I know the magnetic flux conservation : $\Phi = \pi R_0^2 \, B_0 \approx \pi R^2 \, B$, but this requires that we know the initial and final magnetic field at the surface of the star, and the star's size before the supernova. So this isn't satisfying.
Conservation of angular momentum alone isn't telling the radius neither : $S = \frac{2}{5} \, M R_0^2 \, \omega_0 = \frac{2}{5} \, M R^2 \, \omega$, since this requires that we know the star size and angular velocity before the supernova.

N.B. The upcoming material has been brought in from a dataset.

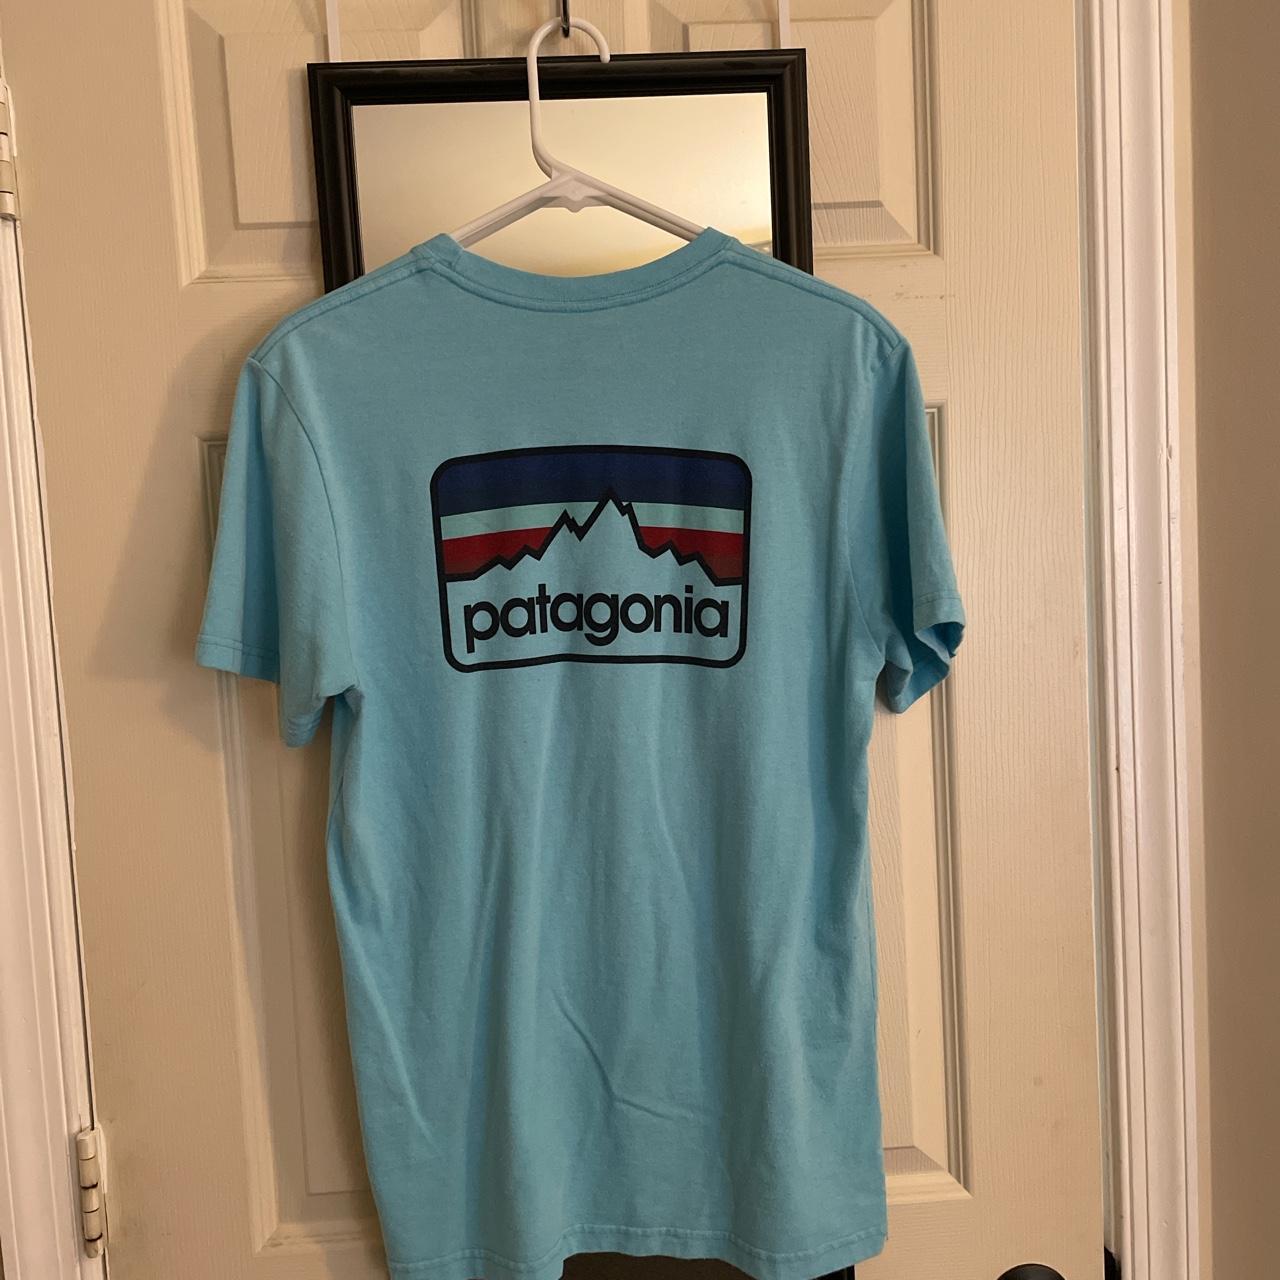 Teal Patagonia T-Shirt Size Small No flaws #Patagonia - Depop

Using Newton's theory of gravitation and conservation of energy (or another method ?), how can we derive the theoretical size of NS ? The only input number that I could accept in the derivation is the NS angular velocity $\omega$ (and mass $M \approx 1.44 \, M_{\odot}$), since this can be found from conservation of angular momentum and simple models of supernova (if we already know the NS radius !).
Currently, the only rough argument that I know is the following : assuming an uniform sphere rotating at its maximal value to support gravity, we should have a balance relation like this : \begin{equation}\tag{1} F_{\text{centripetal}} \approx M \, \omega^2 R = F_{\text{grav}} \approx \frac{G M^2}{R^2}. \end{equation} Isolating $R$ gives \begin{equation}\tag{2} R \approx \Big( \frac{G M}{\omega^2} \Big)^{\frac{1}{3}}. \end{equation} Inserting mass $M \approx 1.44 M_{\odot}$ and period $T \approx 1 \text{ms}$ give something interesting : \begin{equation}\tag{3} R_{\text{NS}} \approx 16.9 \text{km}. \end{equation} I strongly suspect this could be improved or made more rigorous (even if it's less precise), using the conservation of energy.
EDIT : Another argument comes from the density. A neutron star has a density comparable to a nucleus or a neutron, so \begin{equation}\tag{4} \rho = \frac{3 M}{4 \pi R^3} \approx \rho_{\text{neutron}} = \frac{3 m_N}{4 \pi r_N^3}. \end{equation} This gives the star's radius (using $M \approx 1.44 \, M_{\odot}$ and $r_N \approx 10^{-15} \, \mathrm{m}$) : \begin{equation}\tag{5} R \approx \Big( \frac{M}{m_N} \Big)^{\frac{1}{3}} \, r_N \approx 12 \mathrm{km}. \end{equation}